Sad to say; mission very much unaccomplished.  I didn't hate this movie, and it has flashes of greatness, but in the end this is one case where, unlike Oz the Great and Powerful from a few weeks back, I found the negative hype to be pretty much on target.

The movie follows the story of Nick Carraway (yes, Nick Carraway), played by Toby Maguire, a would be writer who tries to make his way in 1922 New York as a bond trader.  He moves into a small cottage on Long Island next to an immense mansion owned by the mysterious "New Money" millionaire Jay Gatsby (Leonardo DiCaprio).  The story is told in flashbacks during Carraway's sessions with a psychiatrist in a sanatorium (an invention of the film), who encourages him to write it all down.  We find out that Nick's cousin, Daisy Buchanon (Carry Mulligan), who married "Old Money" scion Tom Buchanon (Joel Edgerton), just happens to live across the bay.  From Gatsby's pier can be seen a green beacon that sits at the end of the Buchanon estate.  Nick's mysterious neighbor wanders out at night to seemingly reach out to it across the water.  Nick receives an invitation to one of Gatsby's party's, unusual because these weekly bacchanals are open to anyone who wishes to drop in, and finds out all is not what it seems, and things that seem like coincidence are actually very well mapped out contrivances to get Gatsby and Daisy together.  


While the party scenes are certainly over the top, and in general the film represents more of a fantasia on Gatsby then a straight telling of the story (which is all well and good), in the end it really doesn't work.  But I'm not sure that this is completely Luhrmann's fault.  I read Gatsby years ago, and remember the beginning, and remember the end, but the middle is a bit muddled in my head.  And that's a pretty good way to describe this filmed version.  The reality is that not much really happens in the book until the end.  Most of the middle is taken up with dialogue scenes in hotel rooms and sea side cottages that would probably work better on the stage than on the screen.  Luhrmann is a visual director, and as hard as he tries to jazz up the more meditative segments I was still looking at my watch at a certain point.  He would have been better served to go full on fantasia as opposed to mixing the fantastic with an attempt to be faithful to the book.

For all the time spent lingering over our star crossed lovers, the ideas of the book are given short shrift.  We hear about the class distinctions between Old Money and the Nouveau Riche, Tom's white supremacist hogwash, and the corrupt manipulation of the public by hidden powers represented by the gambler Meyer Wolfsheim (Amitabh Bachchan), but they are never really fleshed out.  When we get to the end and Nick's stinging condemnation of the Buchanons and their class I'm not sure it will make complete sense to those in the audience who haven't read the book.  Or maybe it is that these themes are so 1920's in nature that the film makers figured their relevance would be lost on today's 18 to 35 year old demographic the movie is targeting, so why bother to get too deep?

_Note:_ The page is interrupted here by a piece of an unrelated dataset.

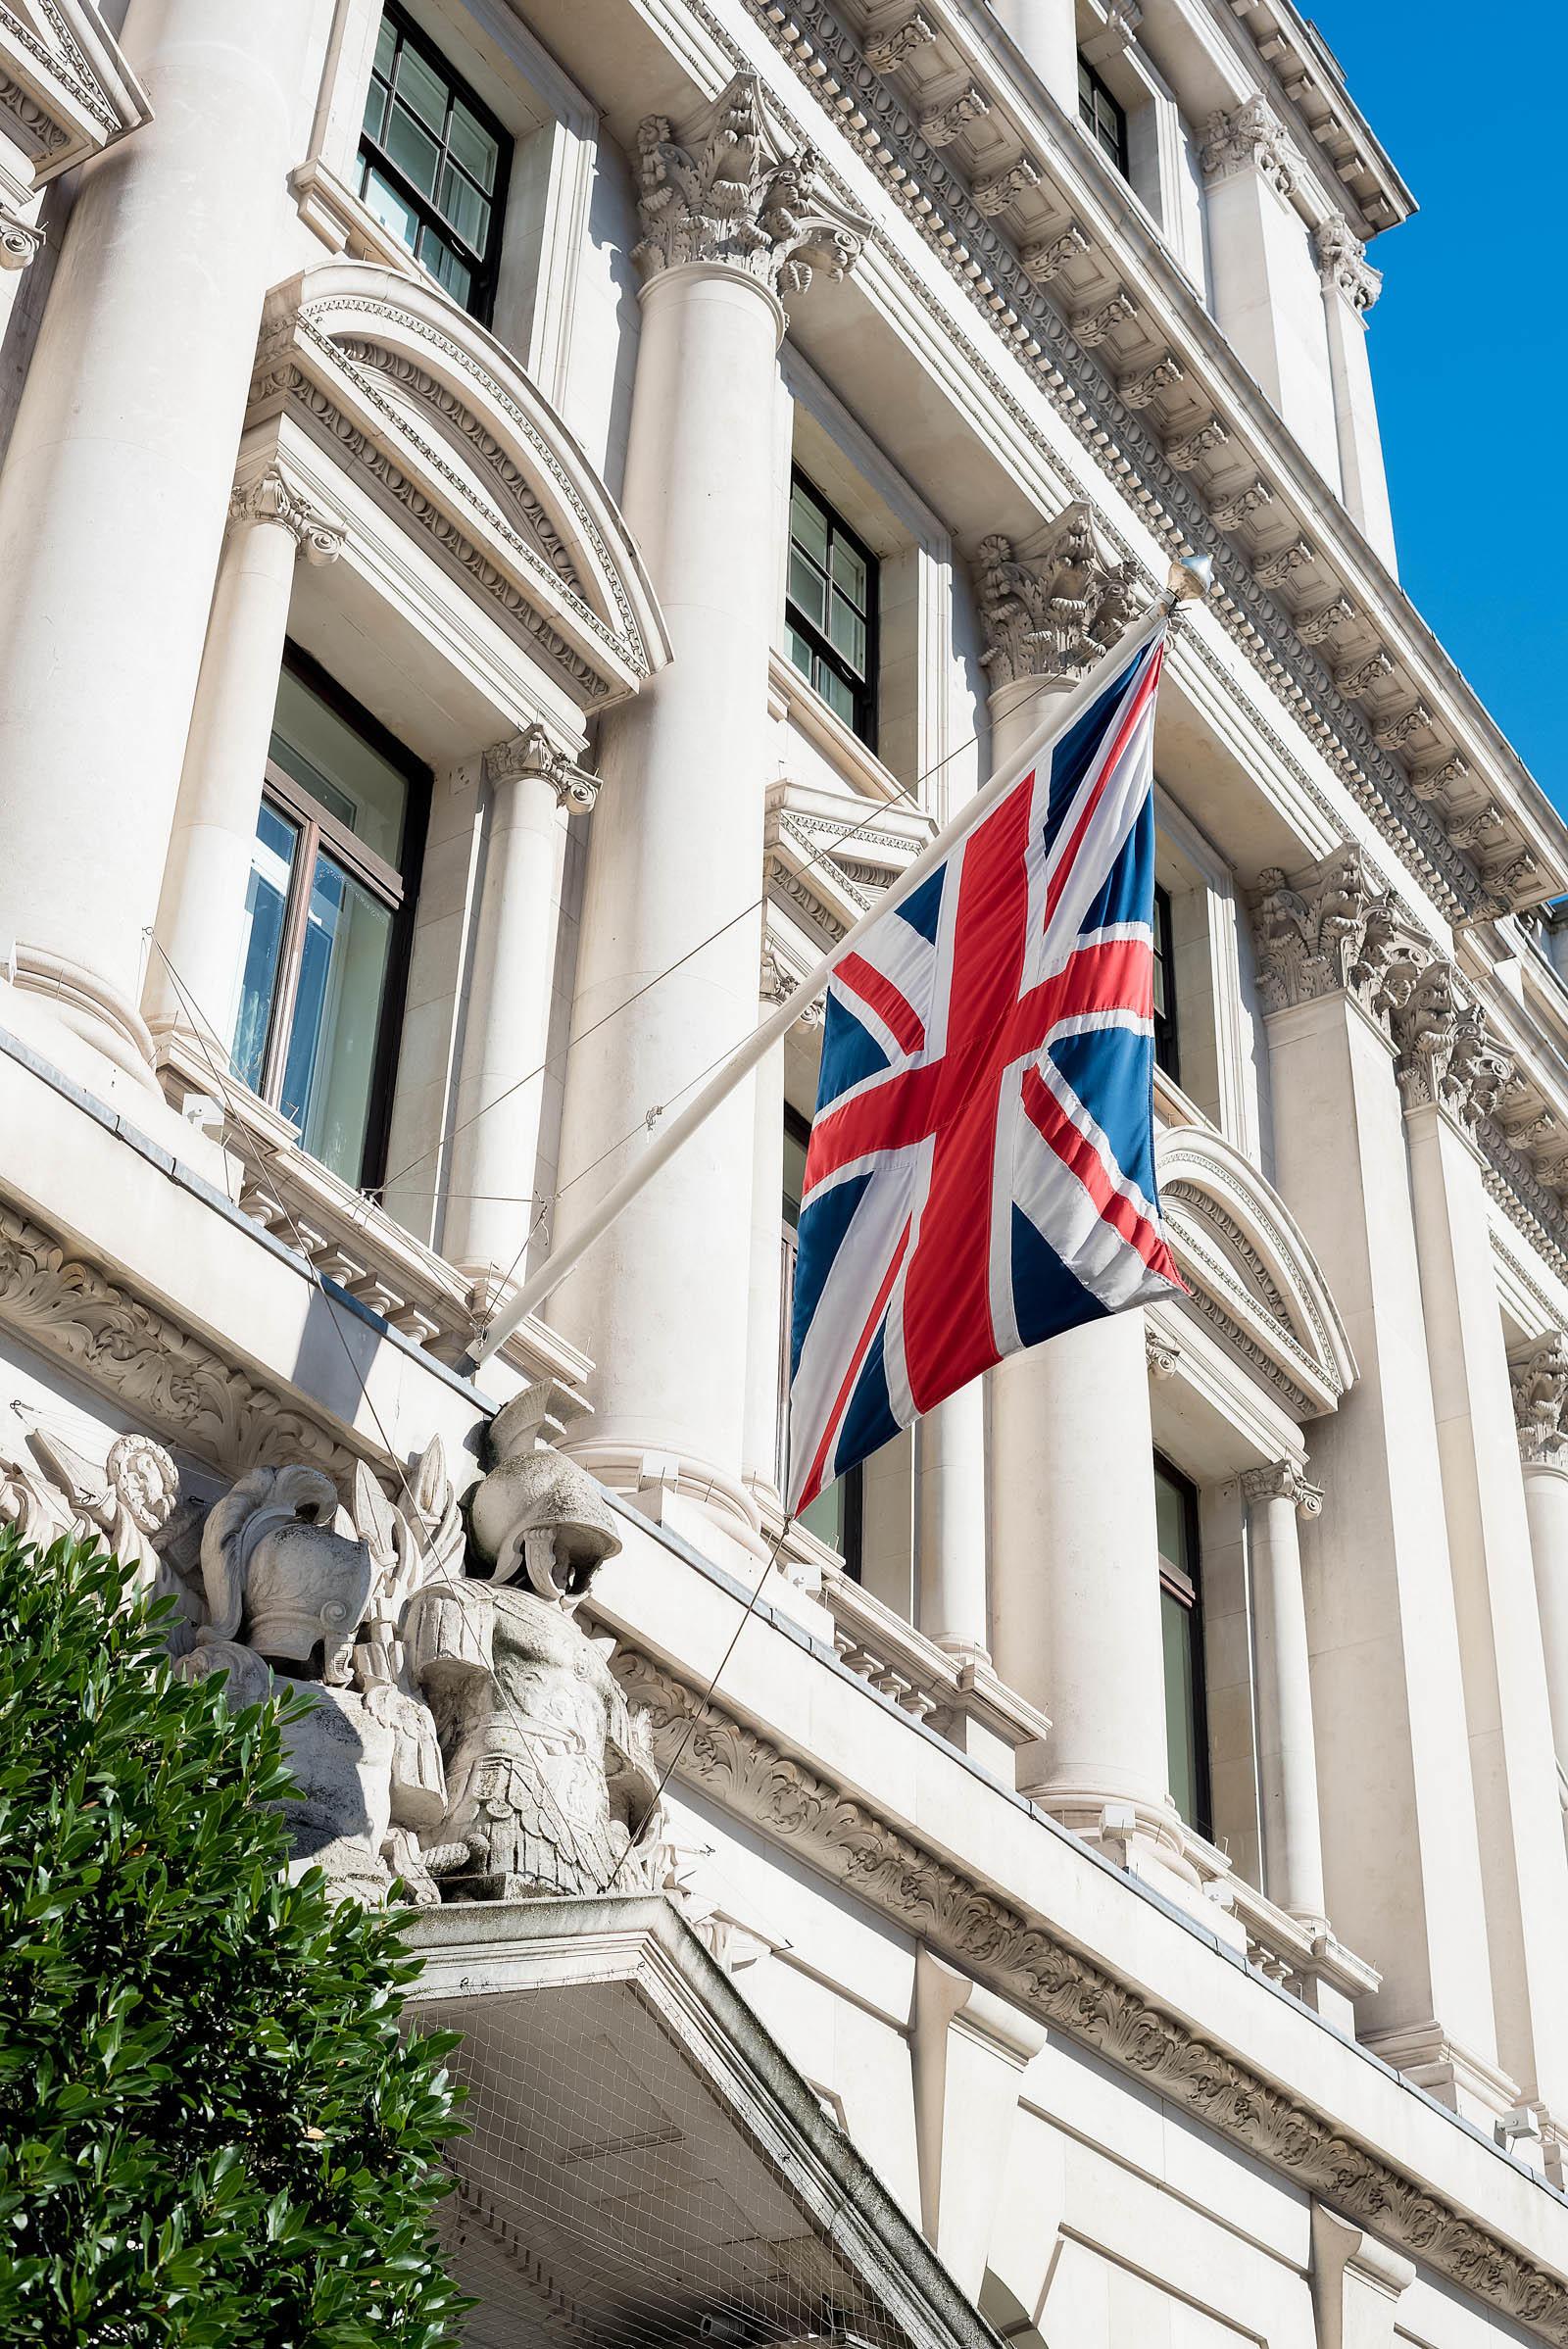 Sofitel St. James London Hotel
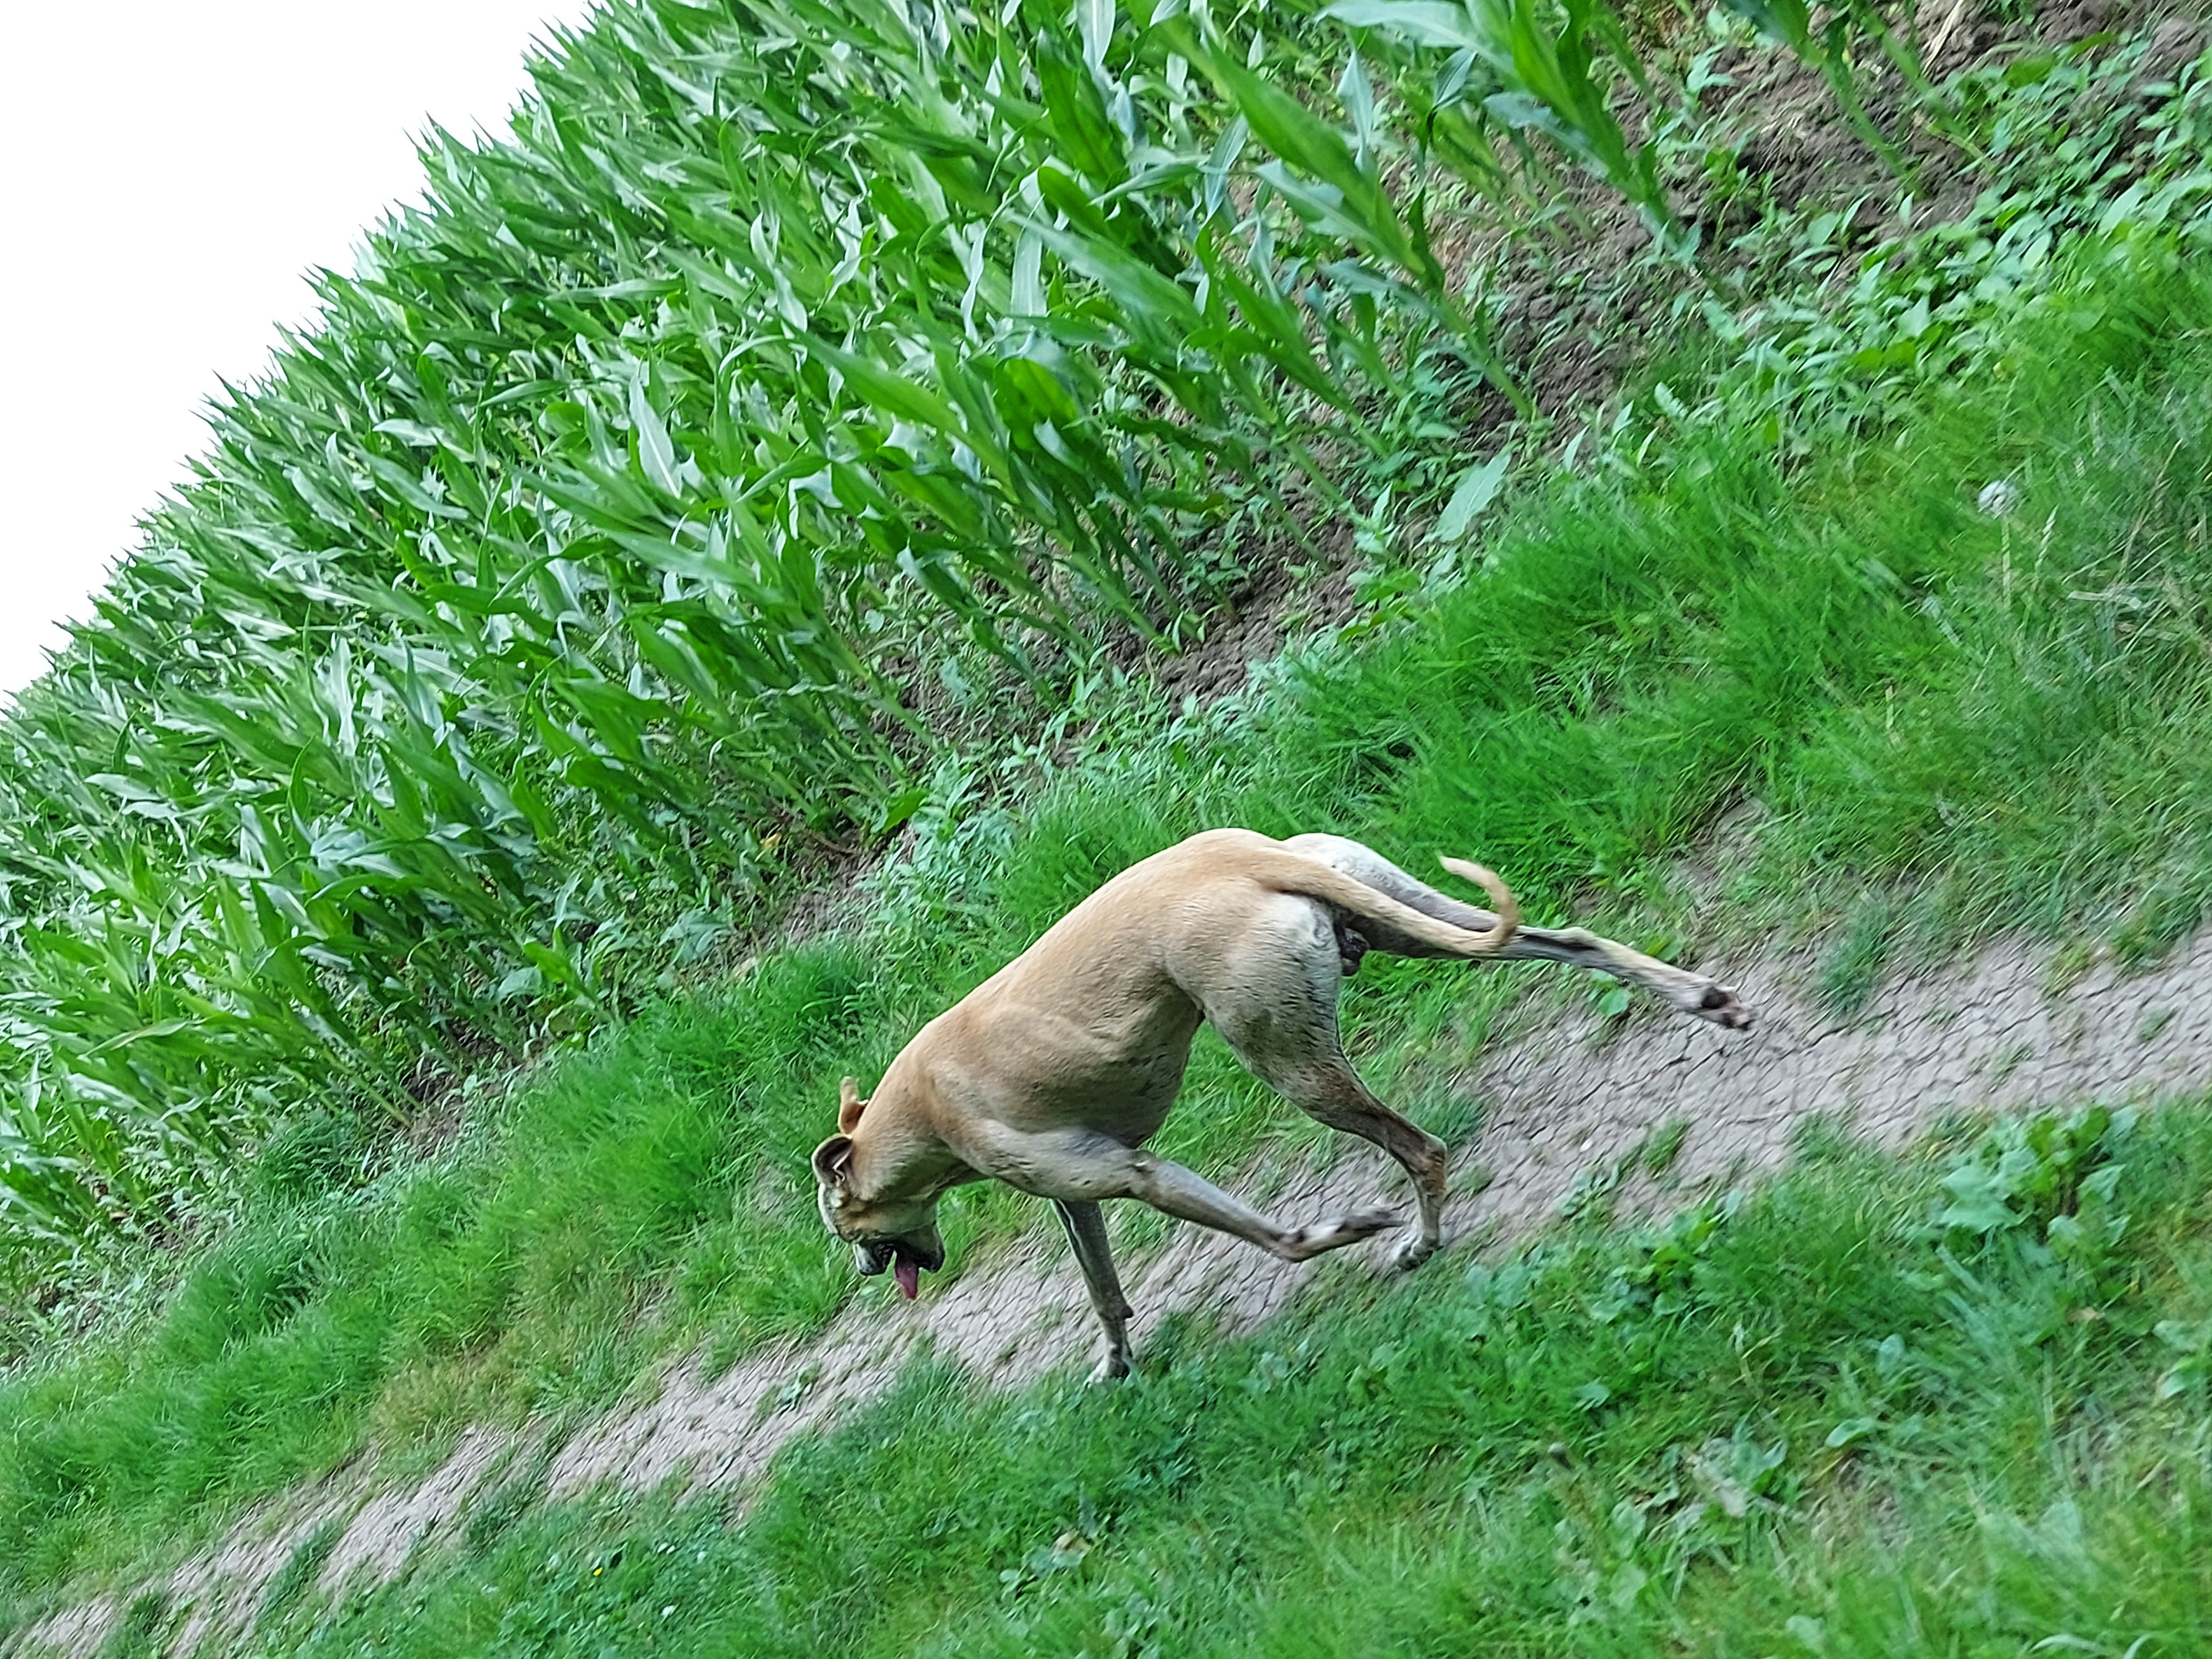 Bull greyhound

Like I wrote, there are flashes of greatness.  The best scene was probably the most low tech: the confrontation between the principals at the Plaza Hotel on a sweltering summer afternoon.  While this is one of those "stagy" parts I wrote about, it was well staged and gave the actors a chance to act and show that they could do more than preen. 

I haven't talked about the 3-D because I don't see that it really mattered, except that it added to the superficiality of the proceedings.  At first I thought that the unreality of the sets, staging and music was  meant to be symbolic of the vacuousness of the period and the emptiness of the character's interior lives, but I'm really not sure.  The Great Gatsby does such a good job being vacant I can't believe it's just a trope.  Sometimes the negative hype is the truth, and unfortunately that's what's going on here.